Off the Chain

Mike Daisey gives our columnist a lap dance.

When I first met Mike Daisey in 1998, he gave me a lap dance. It wasn’t a pleasant experience.

I’m pretty sure he didn’t realize I was a reviewer, there to critique his first solo show in Seattle, Wasting Your Breath; he was just picking some poor sucker in the audience to writhe his considerable frame against as he recalled an unfortunate moment during the cross-country road trip that took him from a pregnant girlfriend on the East Coast to a new life in Seattle.

But I don’t think it would have slowed him down even if he had known. Daisey’s outstanding quality as a performer is his fearlessness, as demonstrated by Stories From the Atlantic Night Cafe, which he’s bringing to Seattle for one night only at the Capitol Hill Arts Center on Sunday, Feb. 4. It takes guts to do a solo show. But it takes a deep foolhardiness to draw up an outline for a story only an hour before curtain, then use that as the guideline for an evening of extemporaneous entertainment.

What Daisey does is almost singular, and you can hear him squirm with every attempt to give it a title. The worst might be “storyteller”: “It always makes me think of Renaissance fairs,” he muses, “with people drinking mead in crushed velvet.” But solo performer and monologuist don’t find much favor, either. “Ideally, you want to get people past a discussion of what you’re doing so that they’re just listening,” he says.

Daisey was born in New Jersey, raised in Maine, but grew up as an artist in Seattle. He ran the sketch comedy group Up in Your Grill for a couple of years, and helped to found the annual Seattle Sketch Fest. He worked with several fringe companies including Open Circle and Printer’s Devil. And he did humorous and original solo shows in small black boxes, each a deft slice of autobiography. His second piece, I Miss the Cold War, chronicled his romance with le Carré spy tales, the former Eastern bloc, and the woman who became his wife.

Then he enjoyed one of those astonishing moments of luck that only those with quick wits can take full advantage of. He’d put together a show about his experience working for Amazon.com, and the week the show opened, Amazon had its first well-publicized downturn, a series of lay-offs. Suddenly everyone from The Wall Street Journal to the BBC wanted to talk to a disgruntled Amazon employee, and here was Daisey, with 21 Dog Years: Doing Time at Amazon.com, ready to go. Daisey ran the show at the Speakeasy Backroom for several months, then got the opportunity to take it for a professional off-Broadway run at the Cherry Lane Theatre in New York, which is where he’s lived since 2001.

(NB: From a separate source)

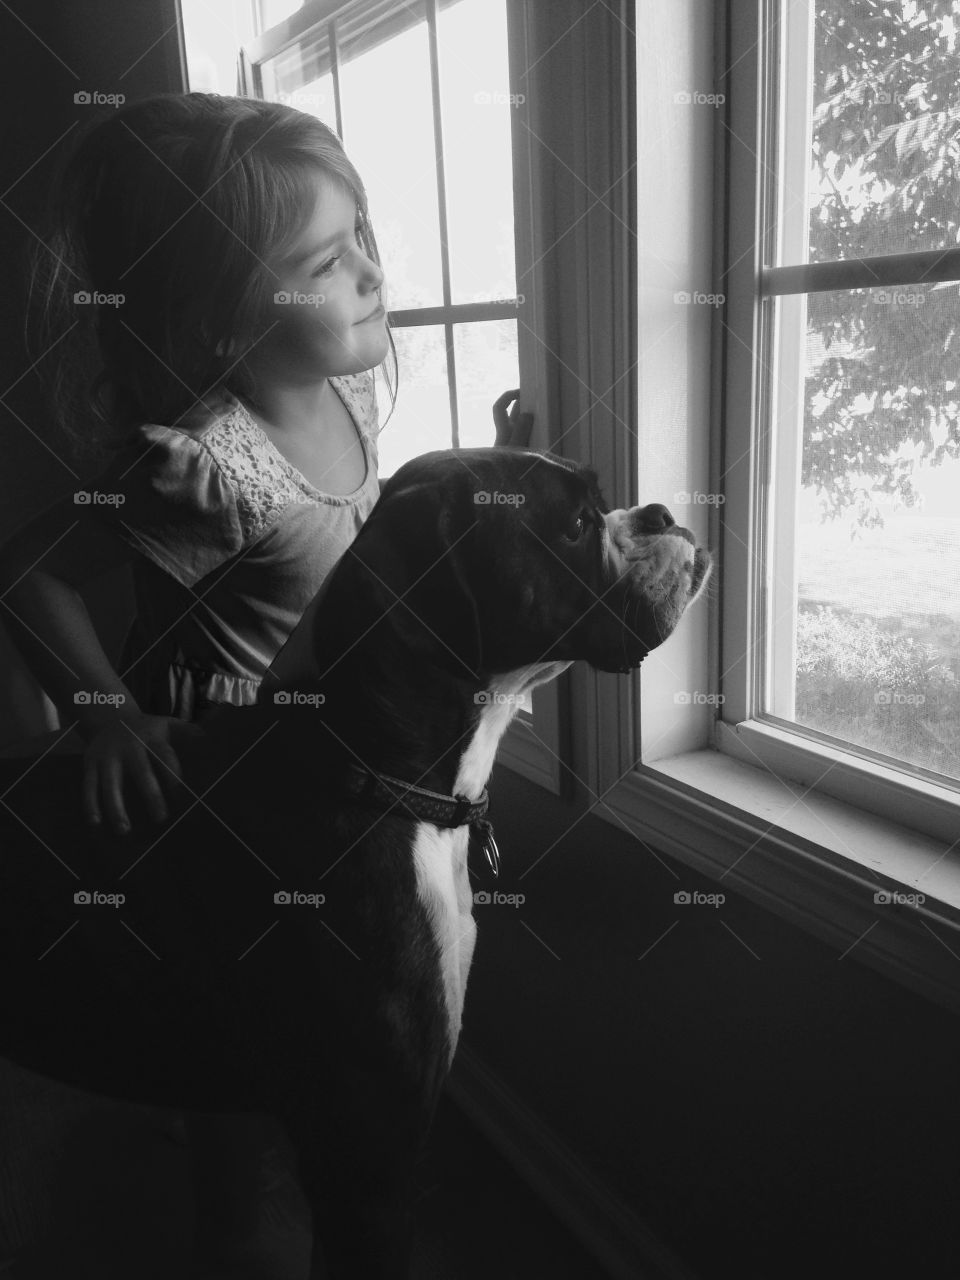 Little girl with dog looking through the window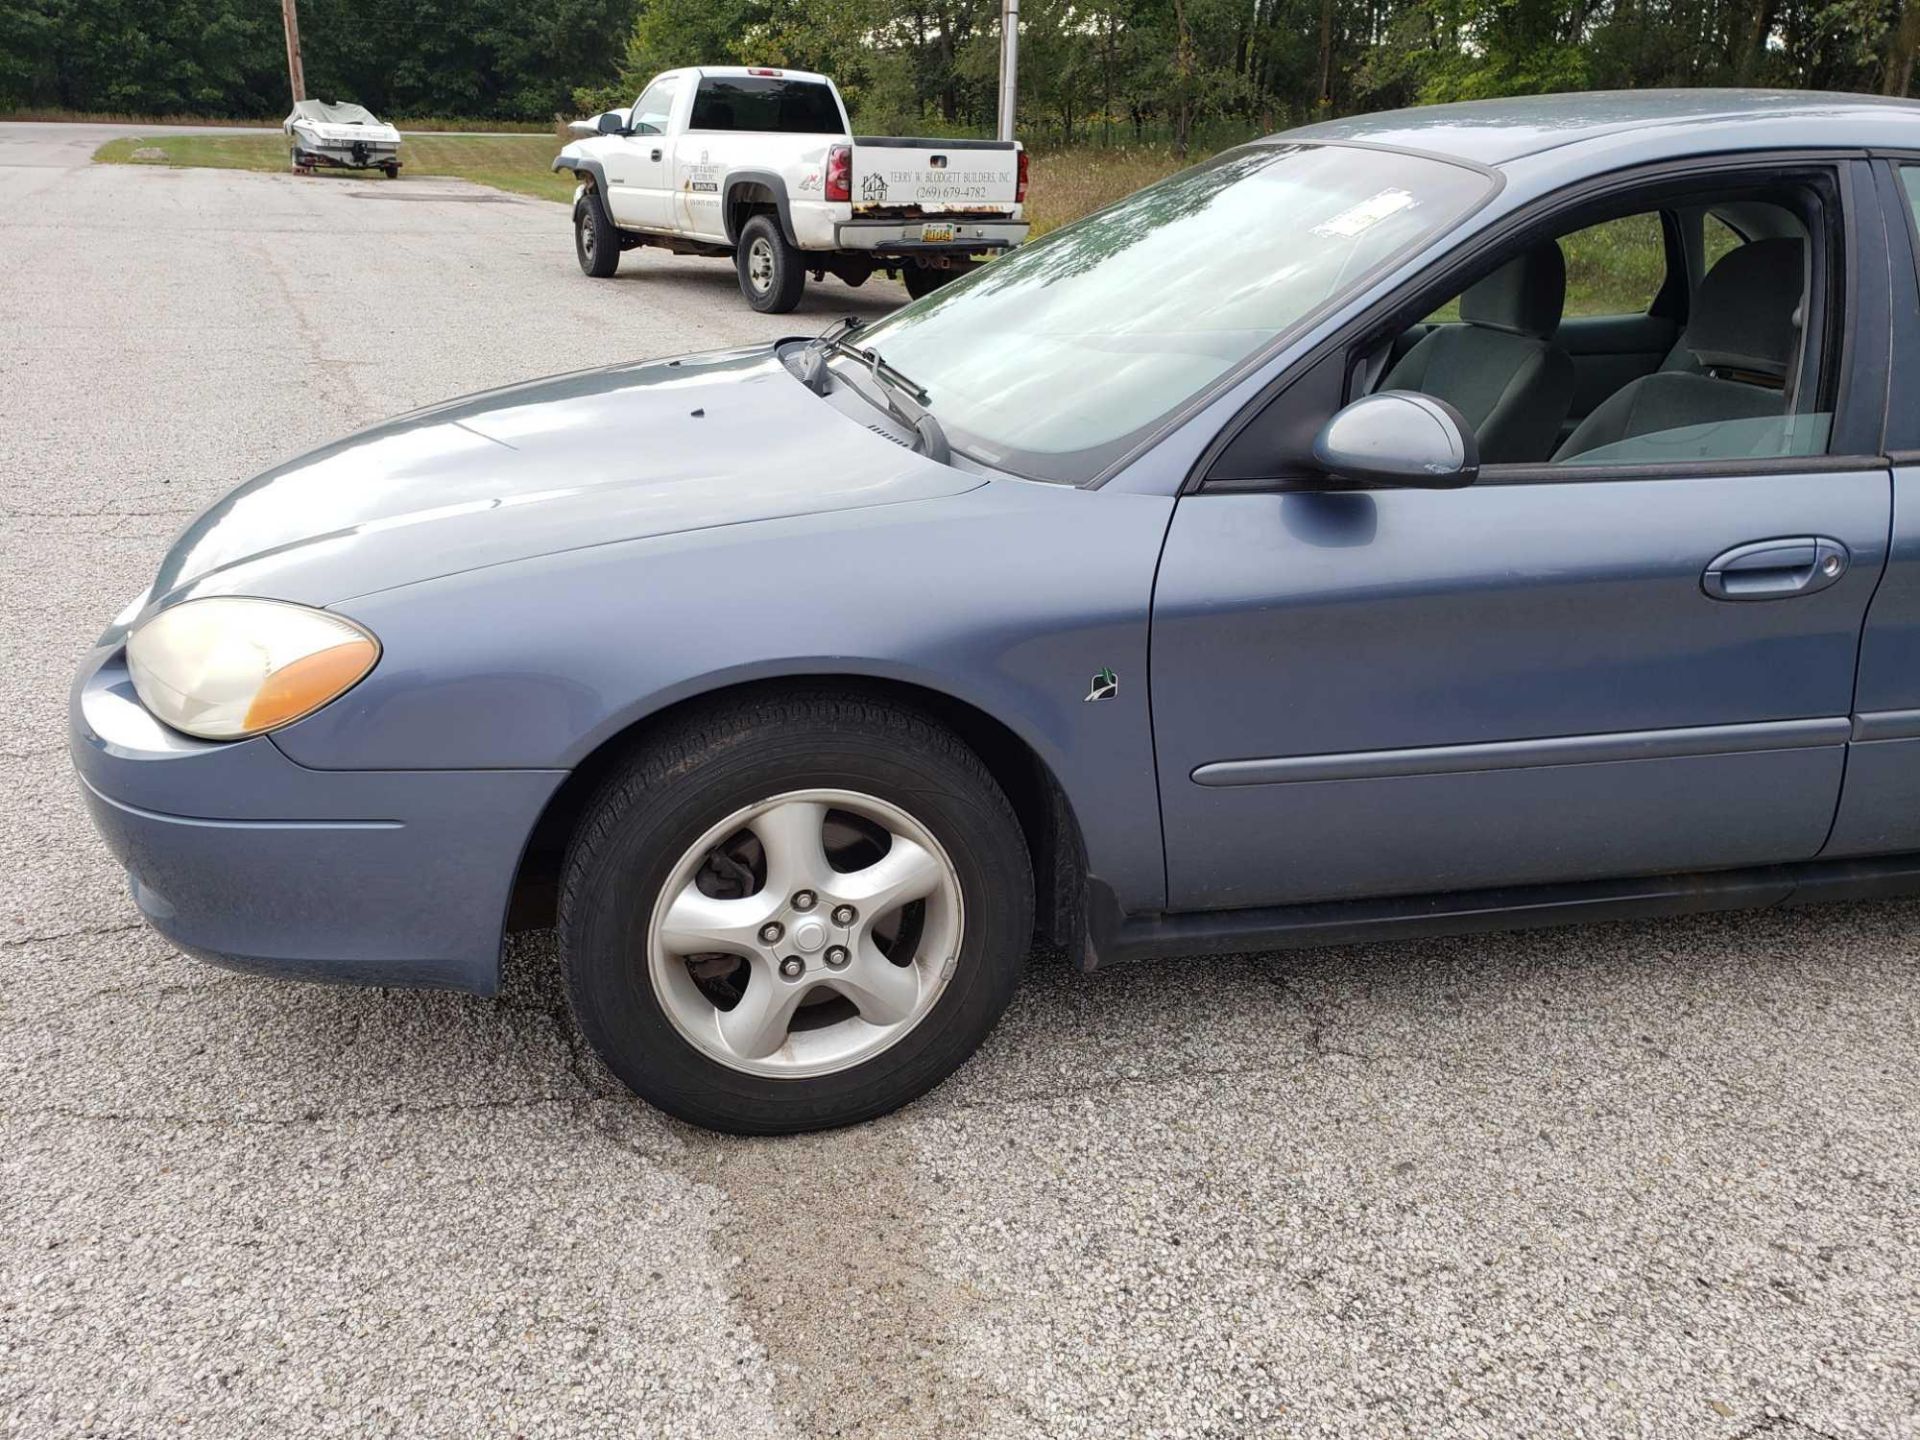 2001 Ford Taurus VIN 1FAFP53291G230229, 70,126 miles. Municipally owned and maintained. - Image 2 of 18

Daisey says Seattle gave him some hard schooling in self-promotion that’s been helpful ever since. “It’s so comfortable out here. You’ve got your favorite coffee shop, and it’s next door to your favorite bookstore, and down the block is your favorite independent cinema, or you can go hiking, or just go home to your cozy sofa and your DVDs. In New York, people are used to going out to see theater. The whole time I was in Seattle, I felt like I was always yanking people out of their couches, going, ‘Come on! Live theater! Come watch!'”

Night Cafe, improvisational and unrefined, has the air of a stunt, but that’s part of why he enjoys doing it. “It’s immediate, and I don’t figure out where the story’s going much before the audience does. Sometimes I think they get there before me. It’s very strange.” Developing the form, which he premiered in New York a couple years ago at P.S. 122, solved a major artistic problem. “I’d just finished 21 Dog Years and was trying to think where my next piece was coming from. I was getting to the point autobiographical monologuists get to, asking: ‘Will I have to live a crazier and crazier life to make good material?'”

So to force himself to seek out personal stories, he decided to create and perform a new piece every week for several weeks, focused on the events of the prior week. “If you change the lenses you use, you realize that life is infinitely full of stories,” he says. “It’s the challenge of every person’s life to make their own lives compelling, so you aren’t bored with yourself.”